Table 2 shows the correlations between average PM_2.5 concentrations and meteorological factors segregated by seasons: winter (mid-October to February), summer (March to mid-May), and the rainy season (mid-May to Mid-October). In the winter season, the correlation with wind speed was higher than with the other meteorological factors (R = −0.214), with a remarkable influence of barometric pressure. In the summer season, correlation with relative humidity was higher than with the other meteorological factors (R = −0.261). In the rainy season, the correlation between wind speed and wind direction was higher than with the other meteorological factors; however, the influence of barometric pressure was still remarkable, indicating the strength of convective inhibition in the atmosphere.

3.2. Ambient Concentrations of PM_2.5 Predicted Using Multiple Linear Regression (MLR)

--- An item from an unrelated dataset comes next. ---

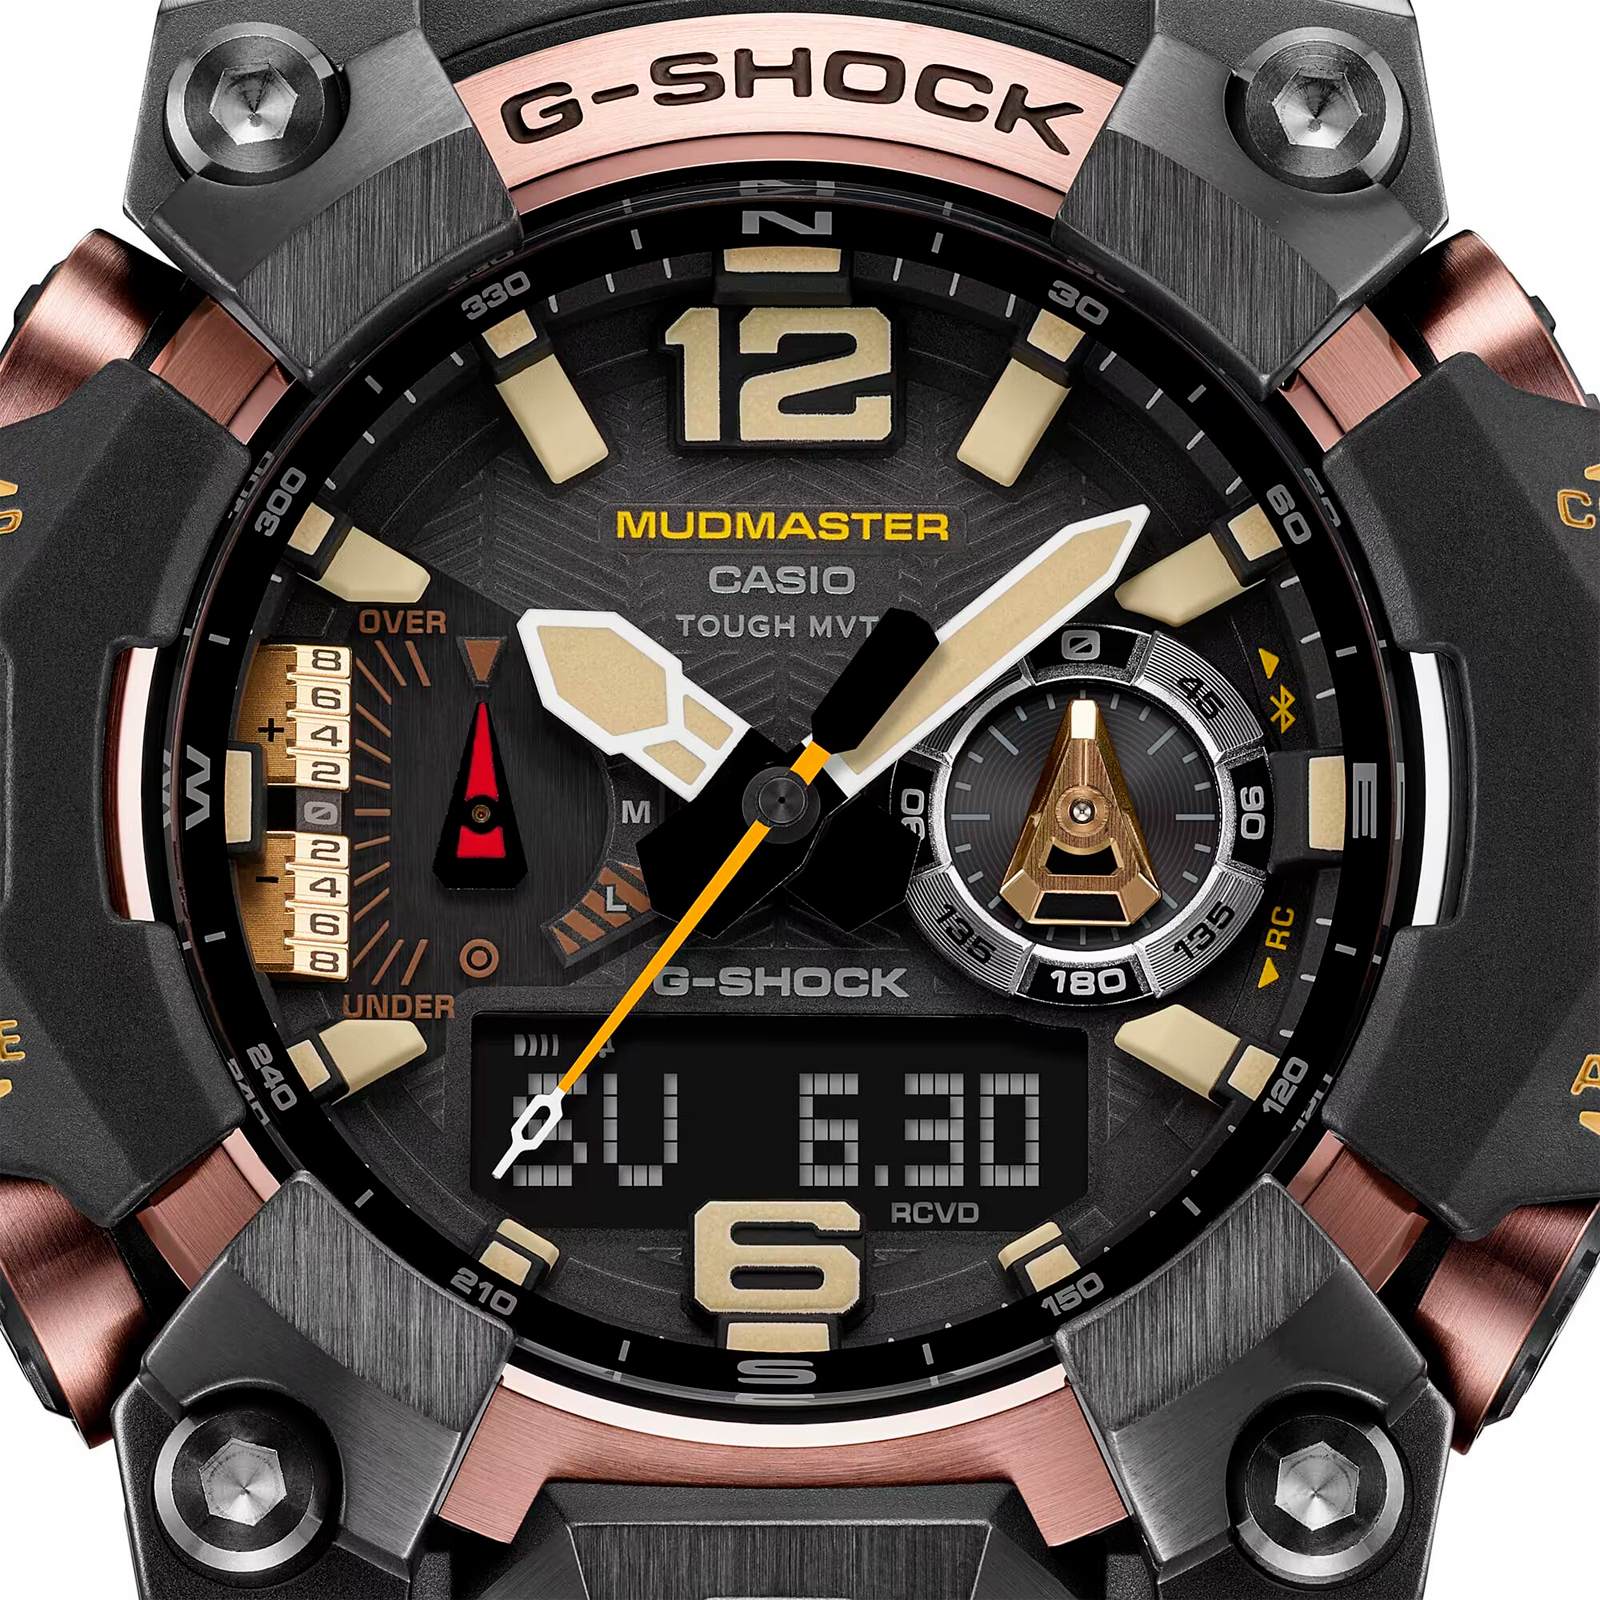 Reloj G-SHOCK GWG-B1000-1A4 Resina Hombre Negro

Using the meteorological factors acquired five levels above the ground at the KU tower, the MLR model was trained and used for the prediction of PM_2.5 concentrations under six scenarios: 3 h, 12 h, 1 day, 2 days, 3 days, and 7 days ahead. The results of these predictions are shown in Figure 5. For the 3- and 12-hour scenarios, very good correlations (R = 0.86 and 0.69, respectively) were achieved between the observed and predicted data. Moreover, a strong-to-moderate relationship was found for the other scenarios of 1 day, 2 days, 3 days, and 7 days ahead, with R = 0.76, 0.77, 0.77, and 0.52, respectively. Using this approach, time series of PM_2.5 concentrations for the year 2020 were predicted and compared with the actual data (Figure 6). The x-axis represents the hours of the year. The first 2000 h correspond approximately to the months of January–March 2020.

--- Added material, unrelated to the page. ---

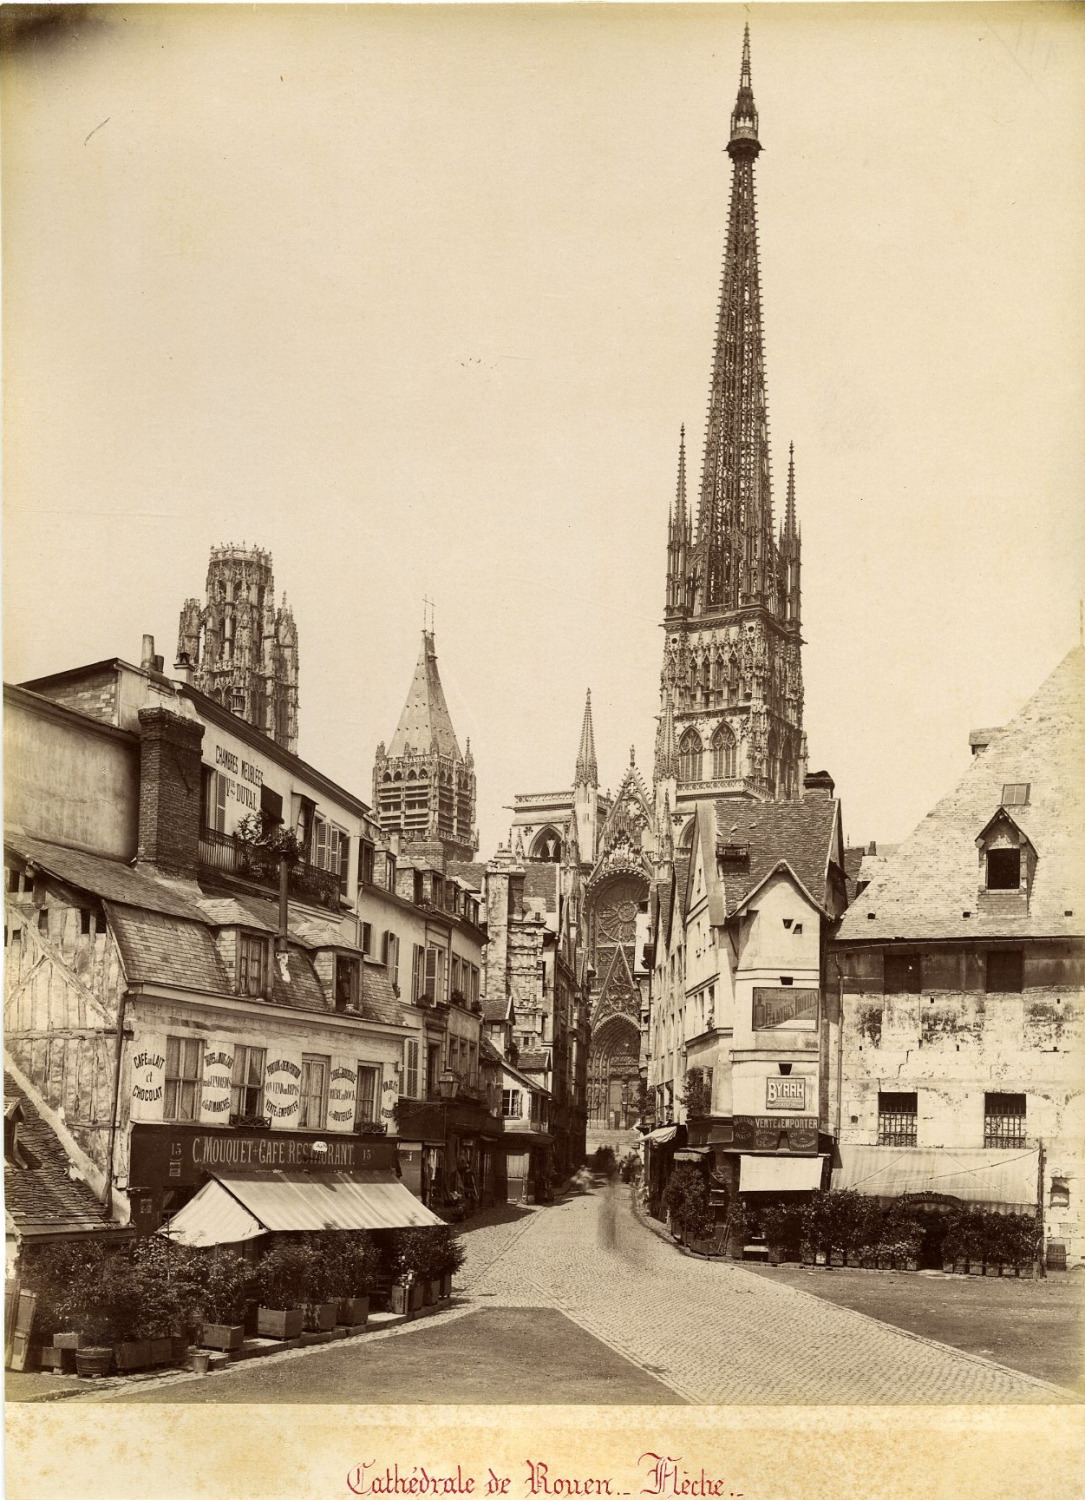 France, Rouen Cathedral France. Vintage Albumen Print. Albumin Print  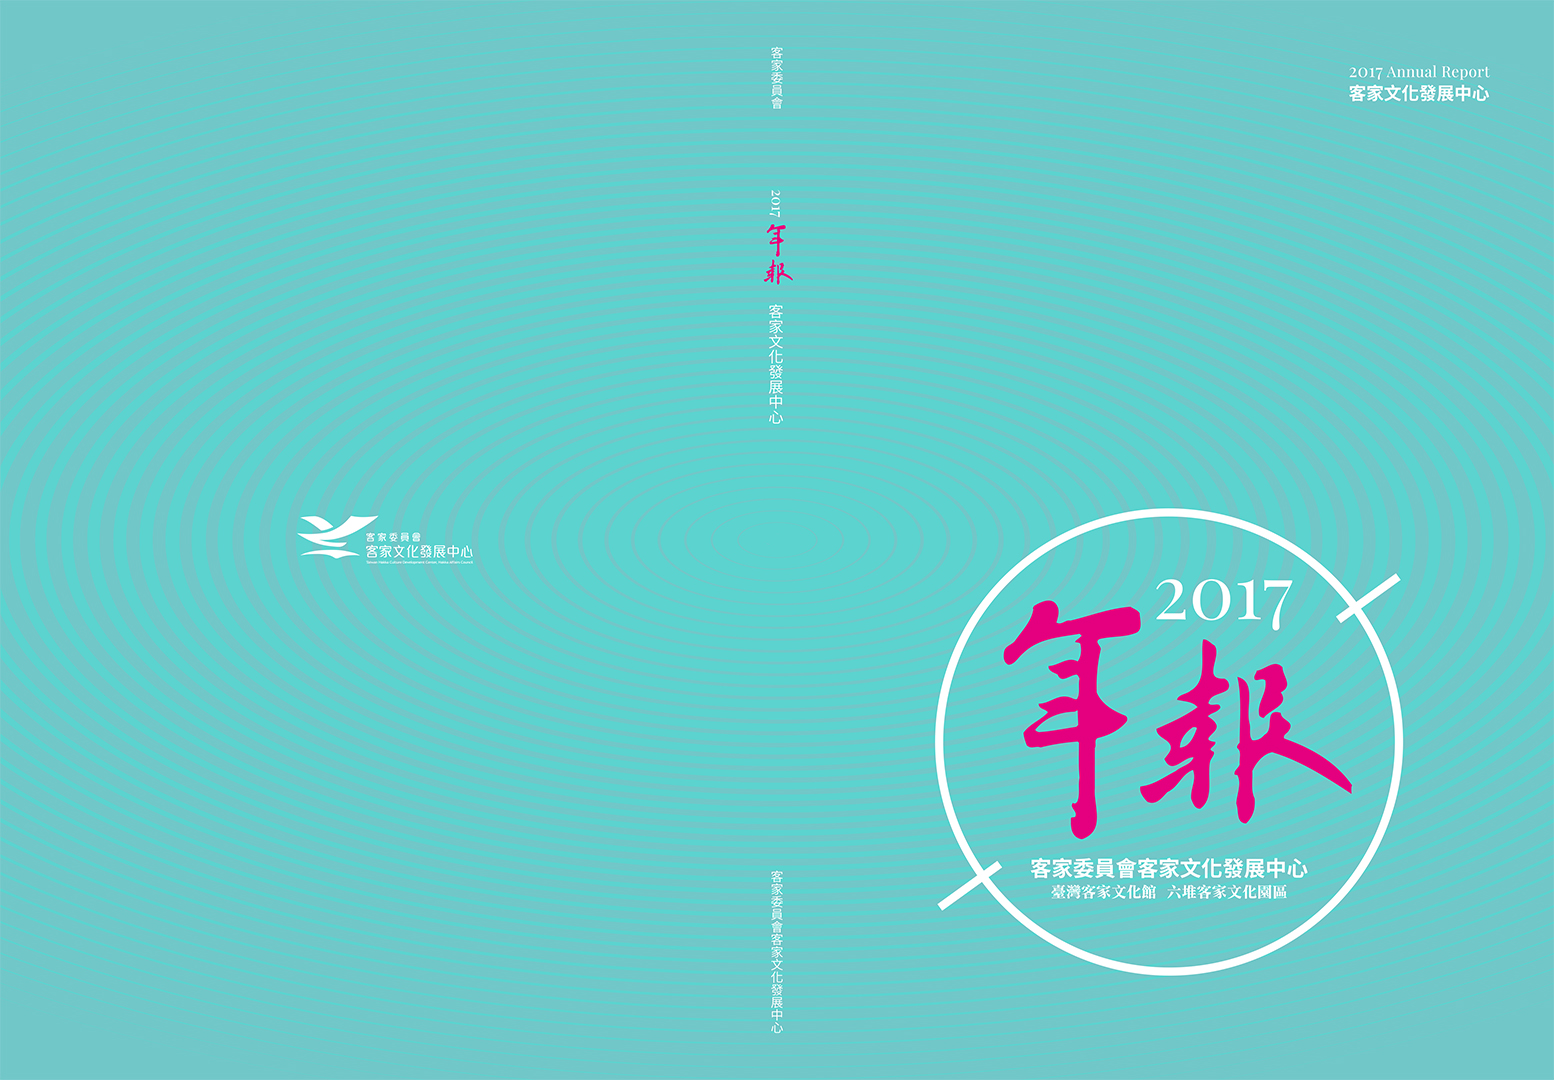 2017 Annual Report of the Taiwan Hakka Culture Development Center, Hakka Affairs Council 展示圖

Good agreement in the time series for the short time ahead and the 1 day ahead was evident. For the 2- and 3-days-ahead conditions, the overall agreement between the measurement and the prediction was reasonable, confirming general concentration trends; however, the predicted values recurrently underestimated the PM_2.5 level, similar to a previous report [34], which can be linked to varying meteorological conditions.

3.3. Ambient Concentrations of PM_2.5 Predicted Using Multilayer Perceptron (MLP)

In another model, a neural network was developed using a multilayer perceptron (MLP) approach. The results of the PM_2.5 prediction are shown in Figure 7. For the short-term scenario, a very strong correlation (R = 0.82) was obtained between the measured and predicted data. With the exception of the 1-day ahead scenario, which showed a moderately strong relationship (R = 0.66) between the observed and predicted PM_2.5 concentrations, the scenarios for predictions 2 and 3 days ahead showed very strong correlations, with R = 0.73 and 0. 72, respectively. However, it must be noted that the prediction of PM_2.5 concentrations using MLP occasionally exhibited limiting values, particularly visible in Figure 7e, likely from bias that was introduced during the learning process to rectify the errors of the training and data normalization [38]. However, the prediction bias did not determinedly influence the trend of PM_2.5 concentration prediction for the year 2020, as shown in Figure 8, and overall agreement and mirroring of the general trends in the data morphology were unmistakable.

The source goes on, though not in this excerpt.